The other chapters and their authors include:
“Winning the Conversation: Framing and Moral Messaging in Environmental Campaigns,” by Matthew C. Nisbet, Ezra M. Markowitz and John E. Kotcher, all from the School of Communication at American University;
“Biofuels and the Law of Unintended Consequences,” by Charles T. Salmon of Nanyang Technological University and Leleah Fernandez of Michigan State University;
“Greenwashing to Green Advocacy: The Environmental Imperative in Organizational Rhetoric,” by Brant Short of Northern Arizona University;
“Environmental Risk Communication: Right to Know as a Core Value for Behavioral Change,” by Michael J. Palenchar of the University of Tennessee and Bernardo H. Motta of Bridgewater College;
“Public Response Before and After a Crisis: Appeals to Value and Outcomes for Environmental Attitudes,” by Janas Sinclair of the University of North Carolina at Chapel Hill and Barbara Miller of Elon University;
“Individual Factors and Green Message Reception: Framing, Lifestyles and Environmental Choices,” by Harsha Gangadharbatla and Kim B. Sheehan of the University of Oregon;
“Pro-Environmental Behaviors Through Social Media: An Analysis of Twitter Communication Strategies,” by Penn State’s Denise Sevick Bortree.
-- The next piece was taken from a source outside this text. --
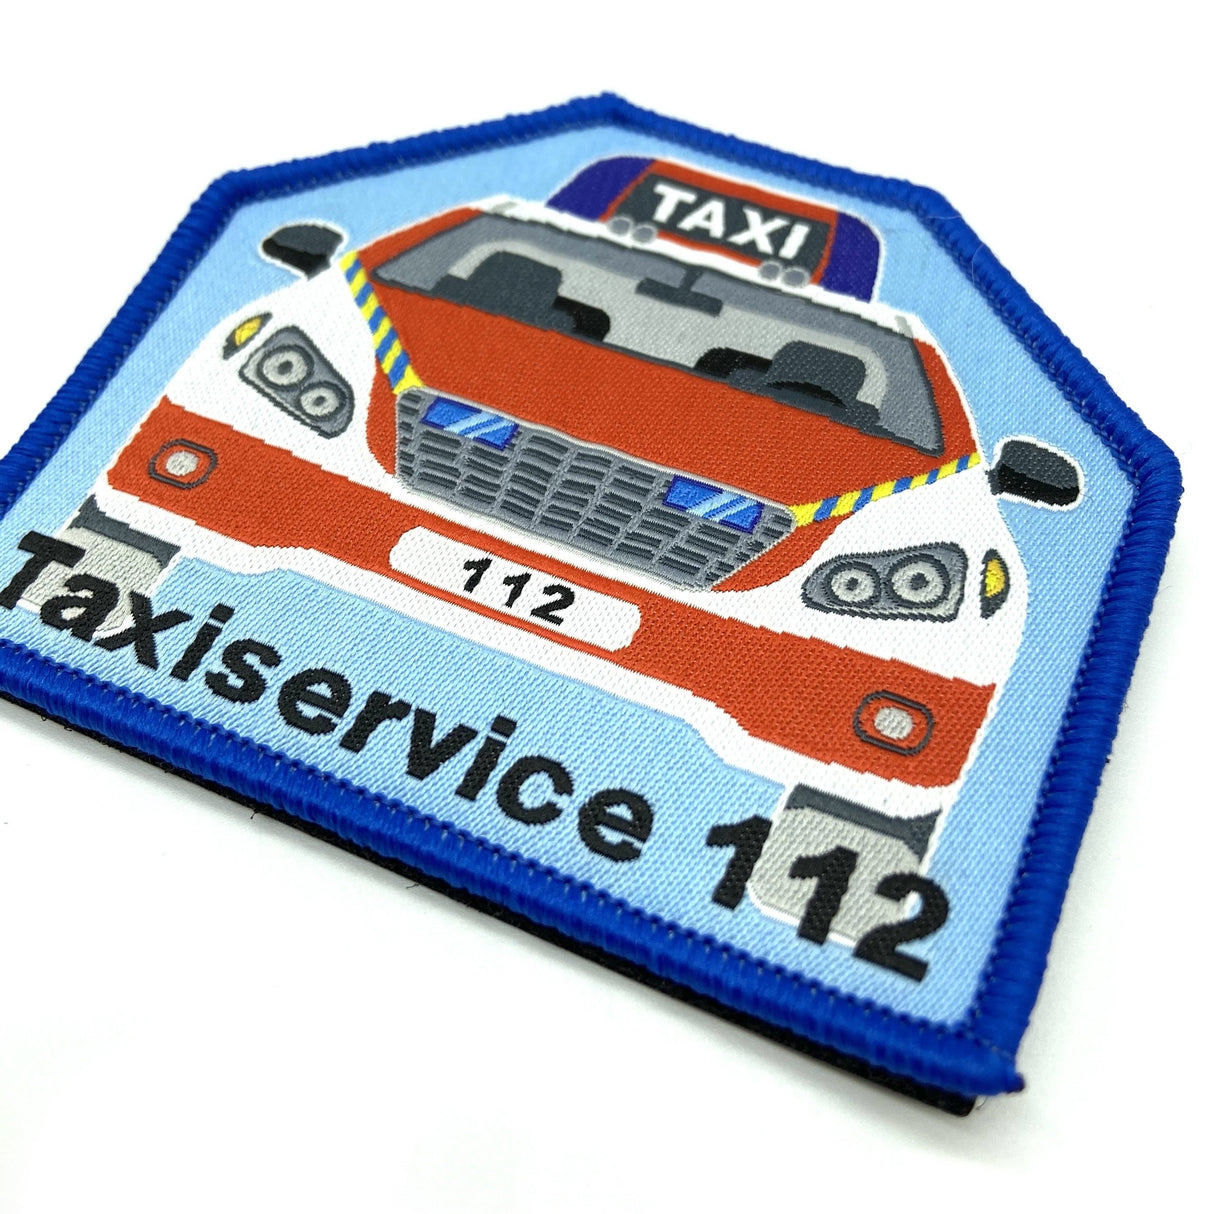 112 Taxi Textil Patch
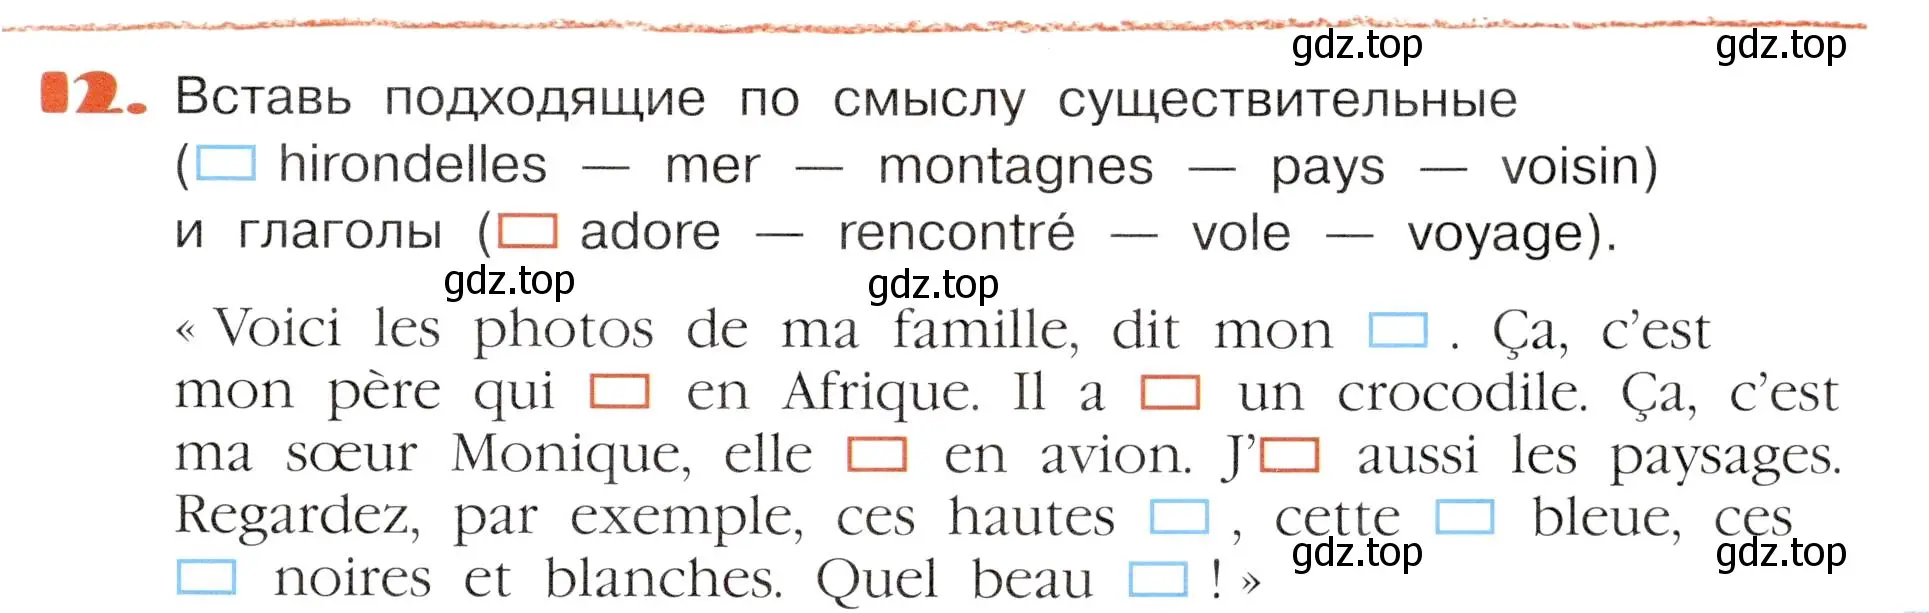 Условие номер 12 (страница 99) гдз по французскому языку 5 класс Береговская, Белосельская, учебник 2 часть

The final chapter seeks to create a framework for the ethical evaluation of advertising in environmental communication. It is titled “Evaluating the Ethicality of Green Advertising: Toward an Extended Analytical Framework,” by Lee Ahern.
“As much as science has to offer, designing successful message strategies still involves a great deal of art,” the editors write in their preface to the book. “We believe the reflections and insights gathered here will stiffen the resolve of researchers and strategic planners to move forward with the next generation of environmental communications campaigning.”
Talking Green: Exploring Current Issues in Environmental Communication was supported by a grant from the Arthur W. Page Center for Integrity in Public Communication, a research unit of Penn State’s College of Communications.